··· SUPPLIED INFORMATION ···
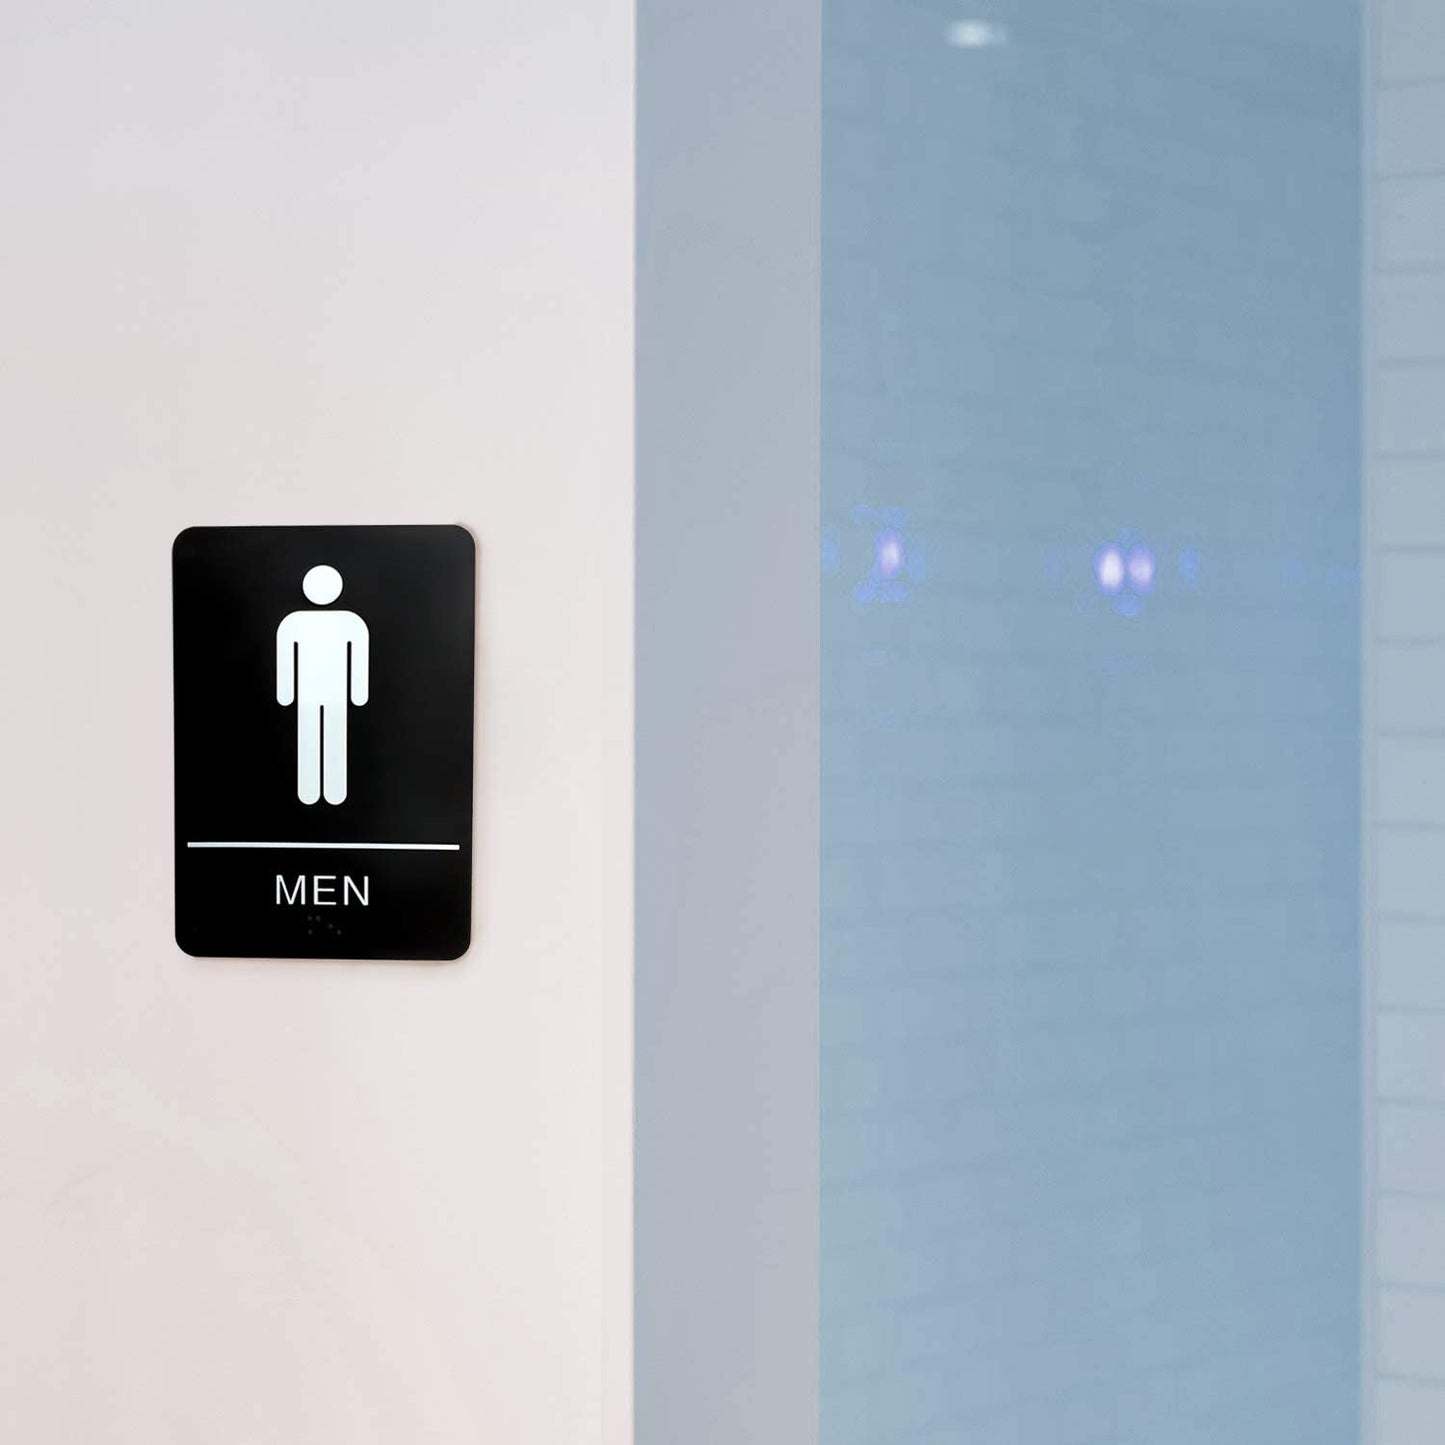 Men's Bathroom And Restroom Sign
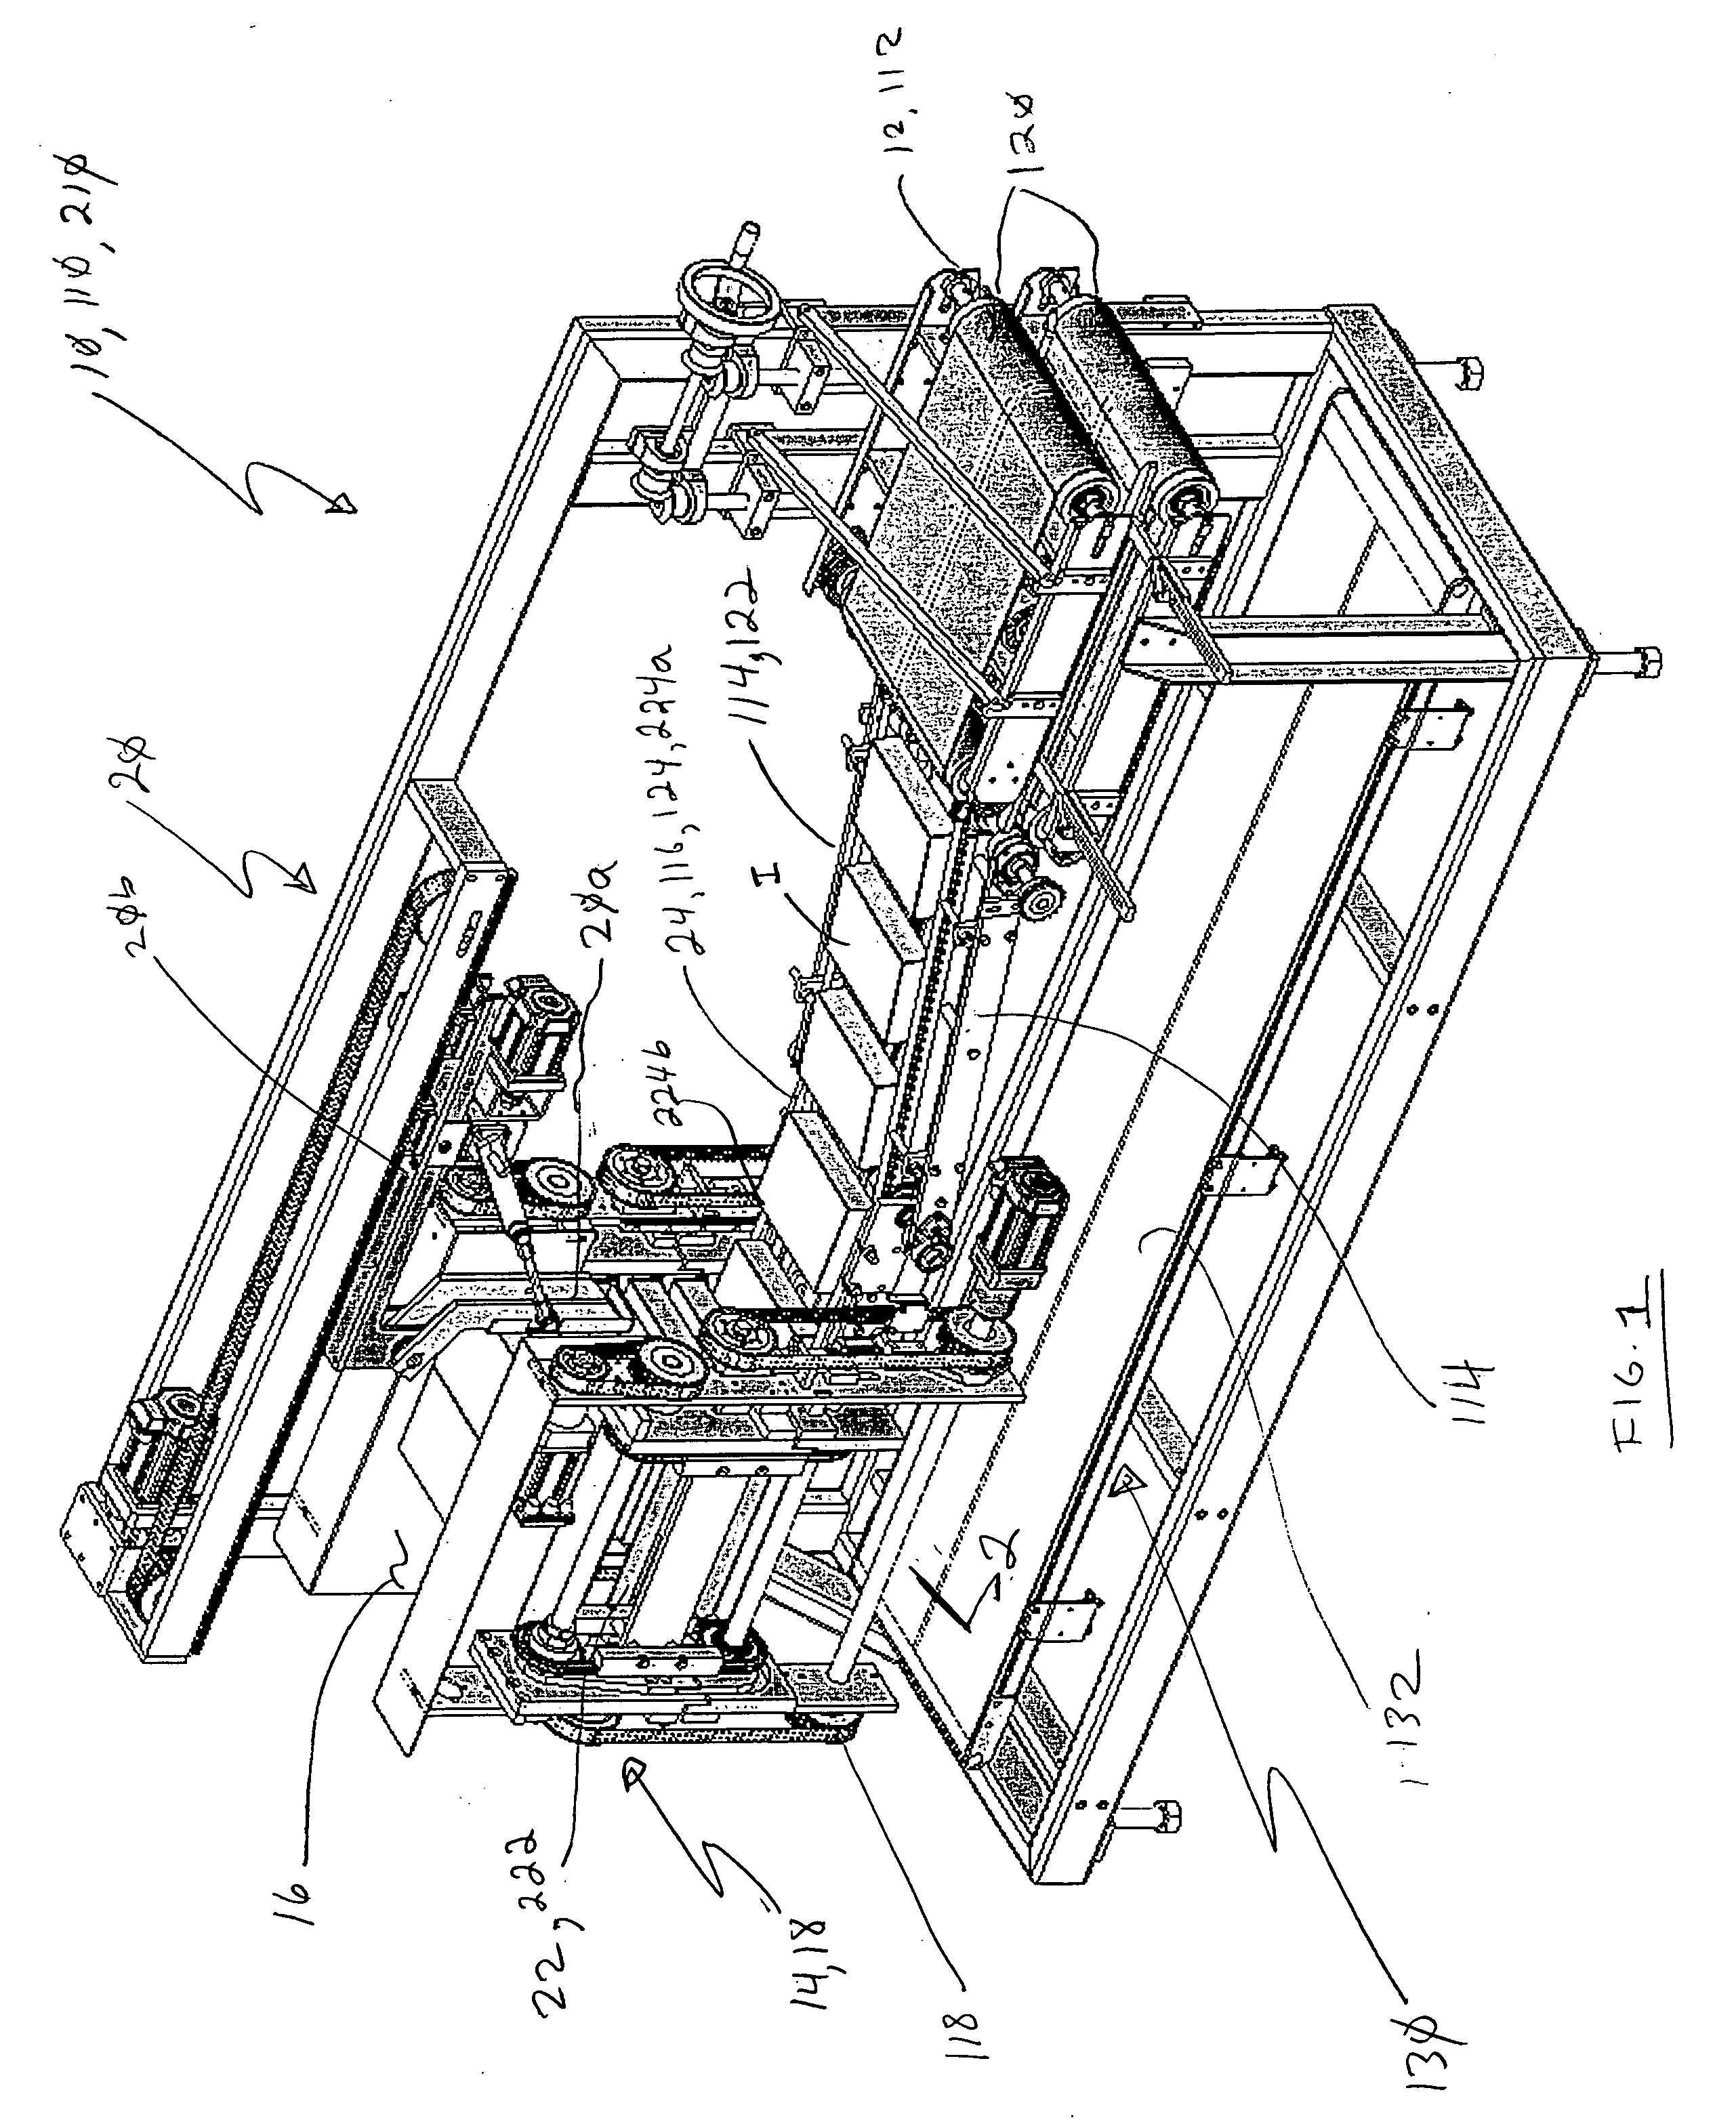 Carton stacking apparatus and method
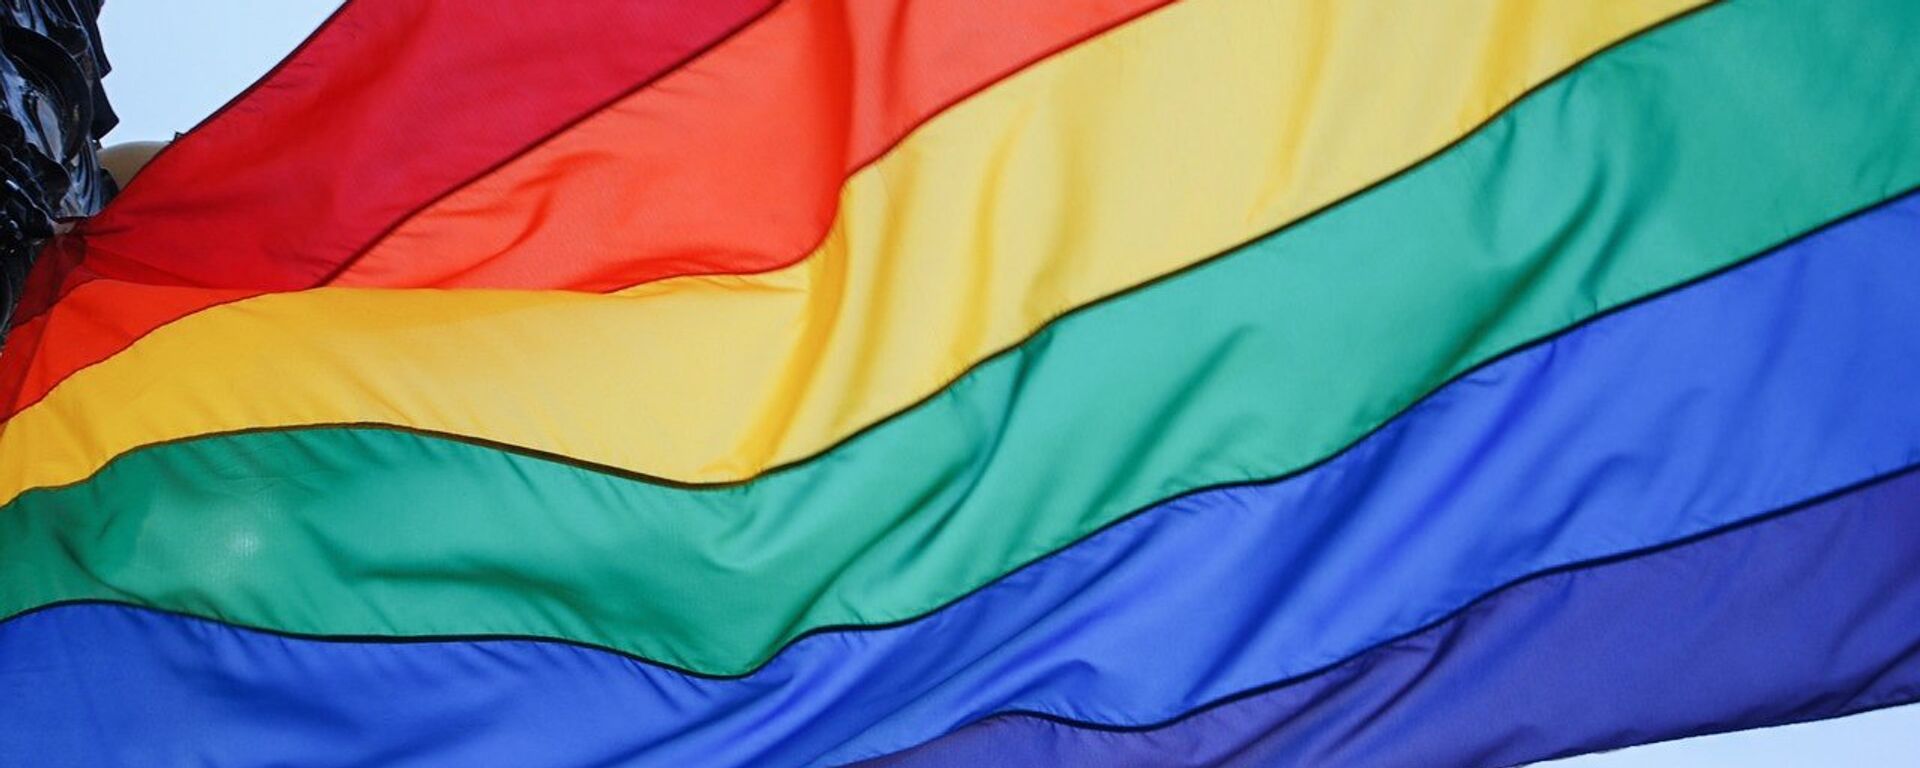 Bandera arcoíris, símbolo del movimiento LGBT - Sputnik Mundo, 1920, 18.12.2020
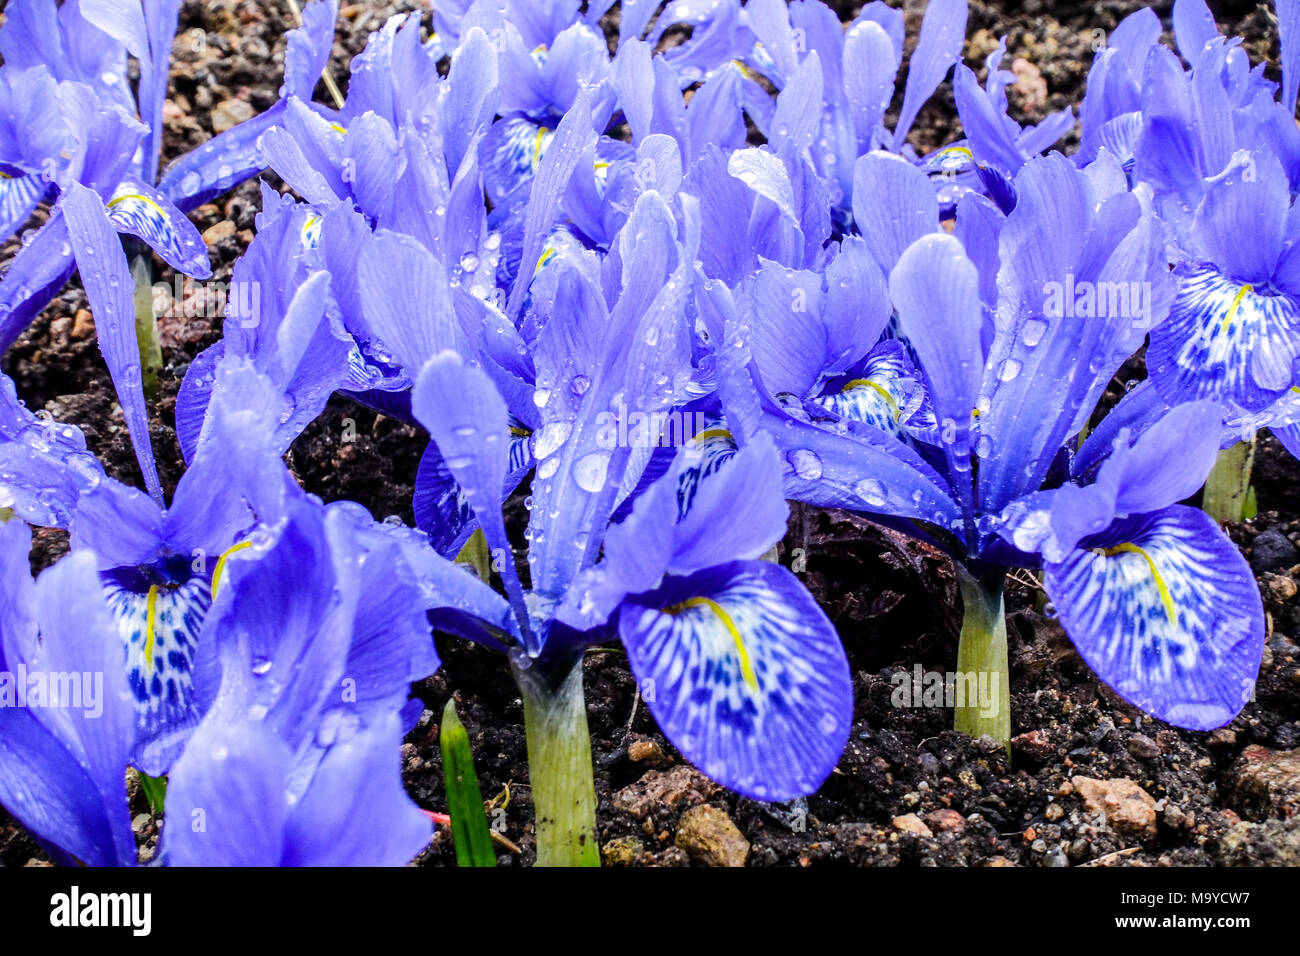 https://c8.alamy.com/comp/M9YCW7/iris-histrioides-lady-beatrix-stanley-blue-iris-dwarf-irises-M9YCW7.jpg
···
Leaving the images out, retype all the material above exactly.

▶ RESULT
 Men's Bathroom And Restroom Sign
 Carton stacking apparatus and method
 Bandera arcoíris, símbolo del movimiento LGBT - Sputnik Mundo, 1920, 18.12.2020
 https://c8.alamy.com/comp/M9YCW7/iris-histrioides-lady-beatrix-stanley-blue-iris-dwarf-irises-M9YCW7.jpg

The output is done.